Raghvendra Pratap Singh is an Indian politician and a member of 17th Legislative Assembly of Uttar Pradesh of India. He represents the Domariyaganj (Assembly constituency) in Siddharthnagar district of Uttar Pradesh and is a member of the Bharatiya Janata Party.

Early life and education
Singh was born 1 April 1966 in Basti district of Uttar Pradesh to father Shankar Baksh Singh. In 1987, he married Vijay Laxmi Singh, they have one son and one daughter. He belongs to General Class (Kshatriya) community.
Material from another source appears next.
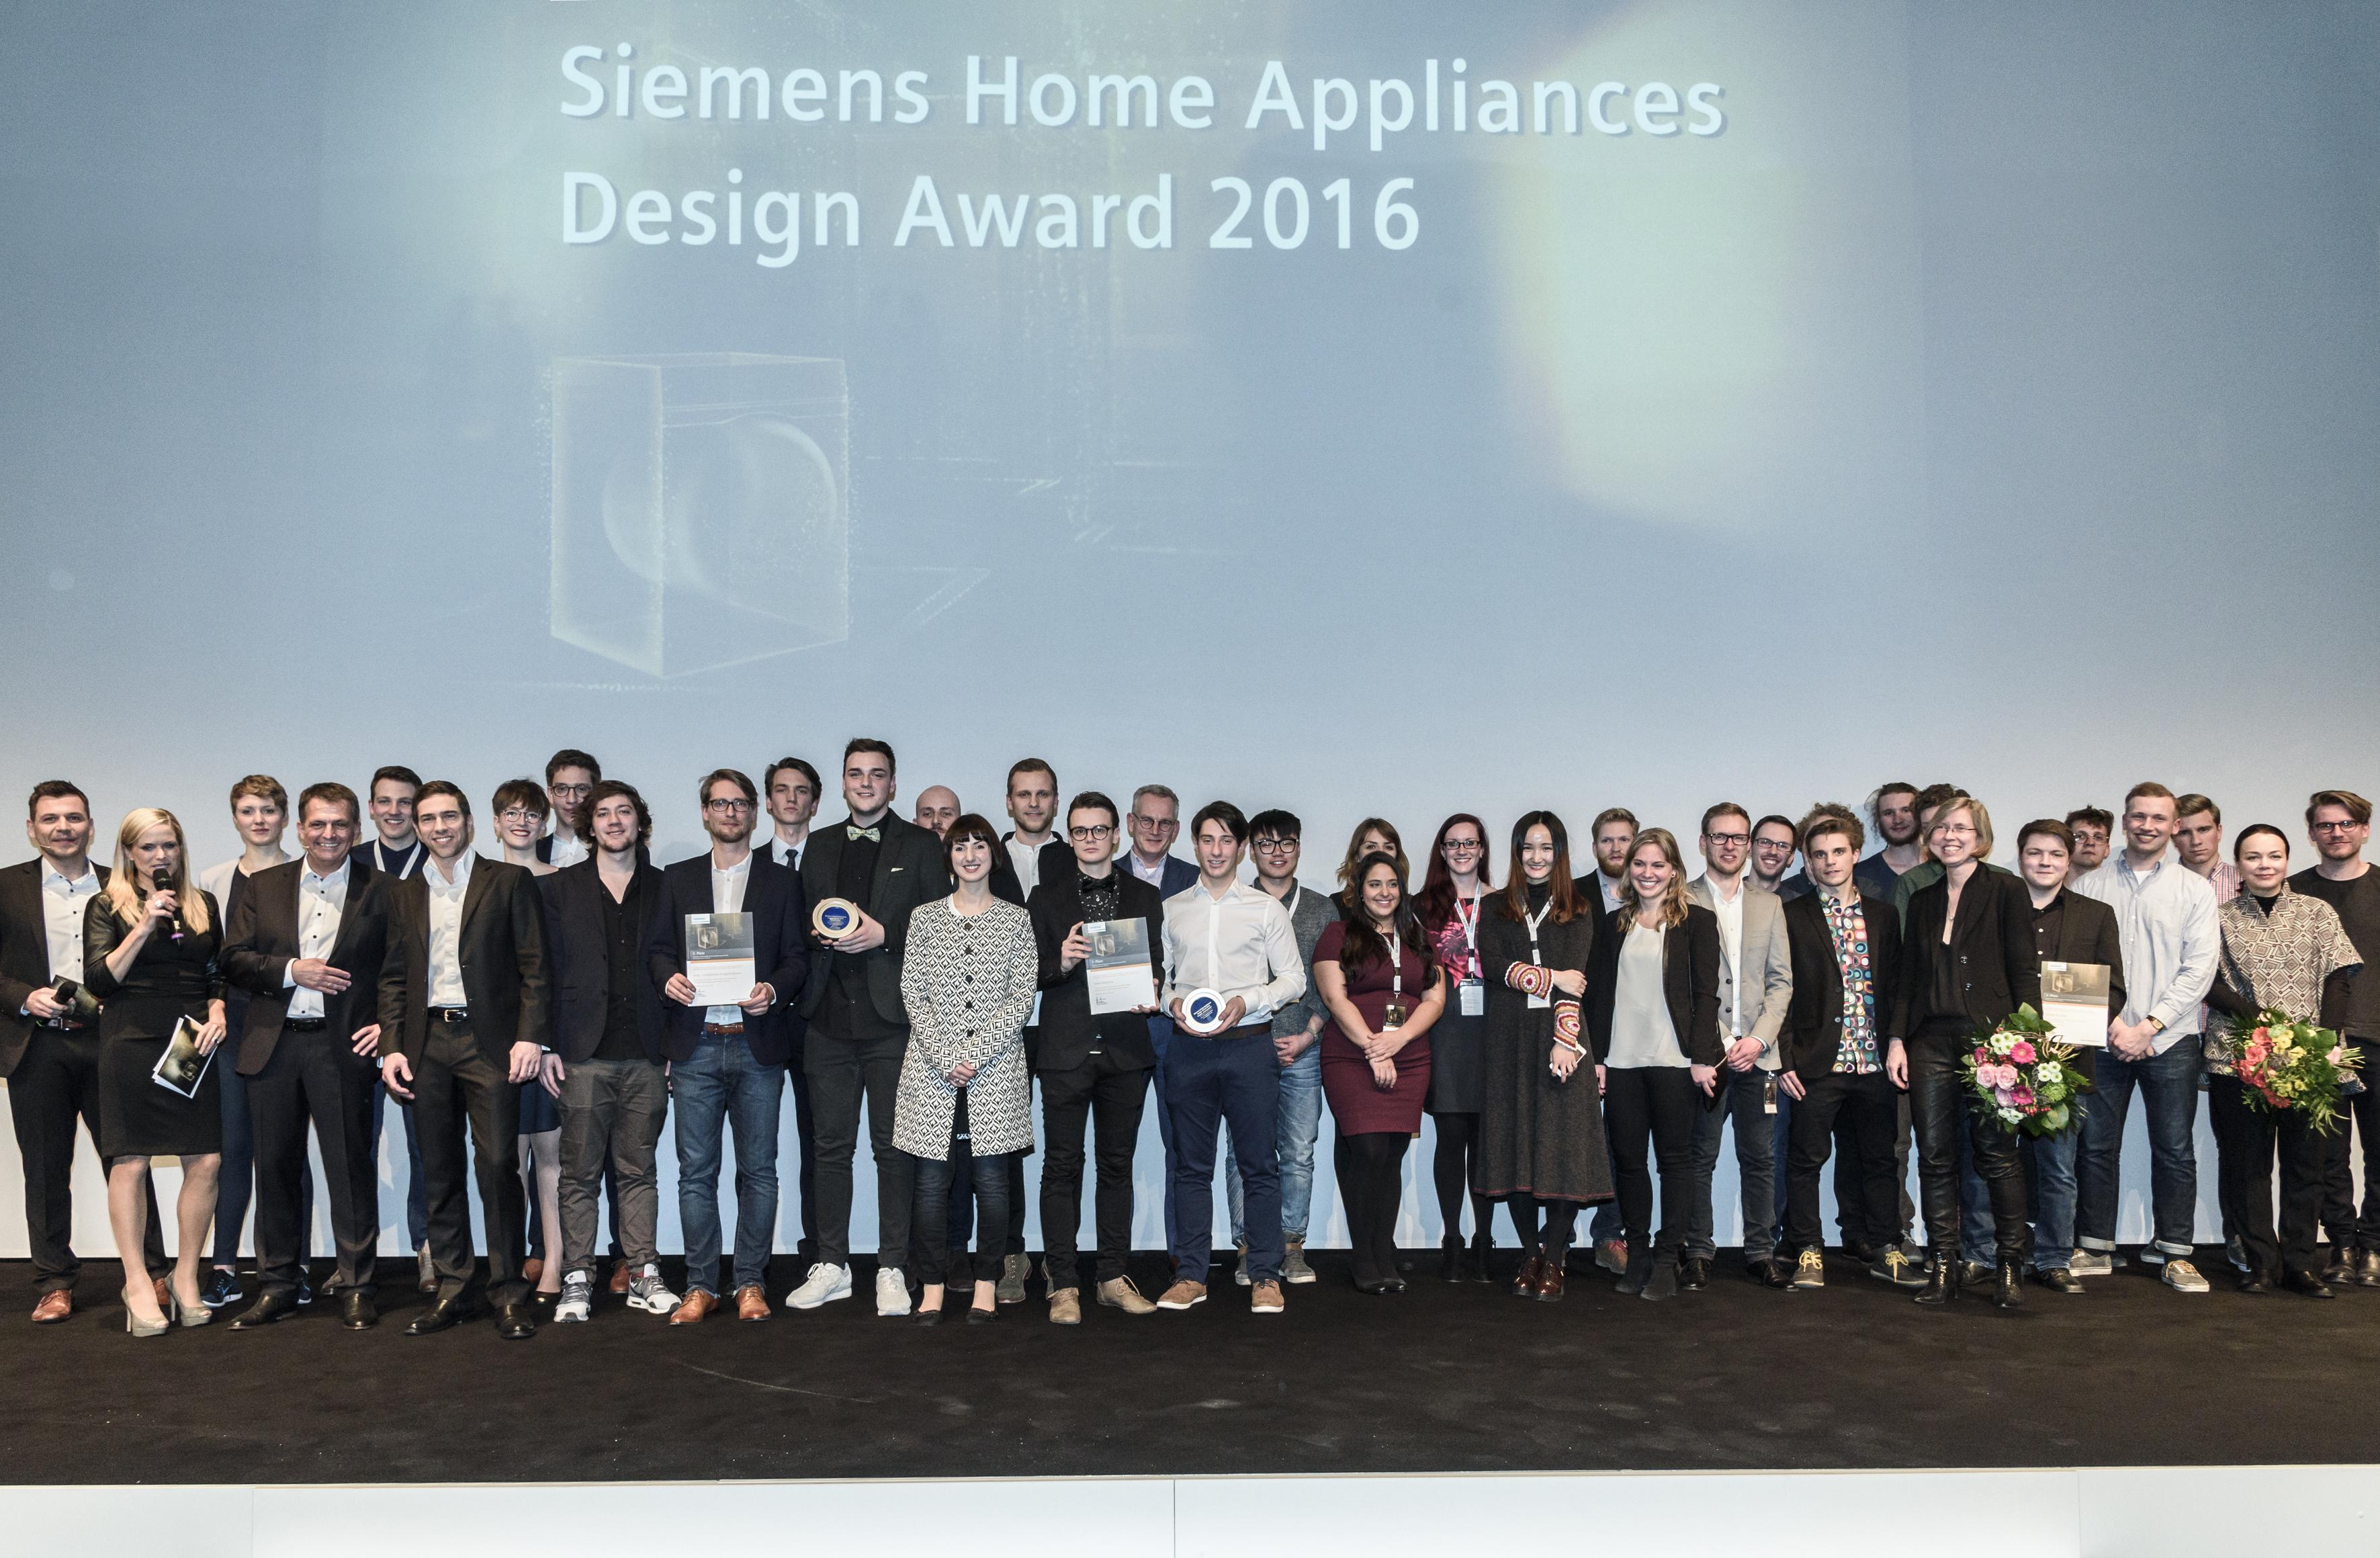 siemens home appliances design award 2016 auszeichnung f r junges produkt und. Black Bedroom Furniture Sets. Home Design Ideas

In 1986, he attended Deen Dayal Upadhyay Gorakhpur University and attained Bachelor of Arts degree.

Political career
Singh started his political career in 16th Legislative Assembly of Uttar Pradesh (2012) elections, he contested from Domariyaganj (Assembly constituency) as a member of Bharatiya Janata Party. But he lost this election to Peace Party candidate Malik Mohd Kamal Yusuf and stood on fourth position with 25,209 (14.26℅) votes.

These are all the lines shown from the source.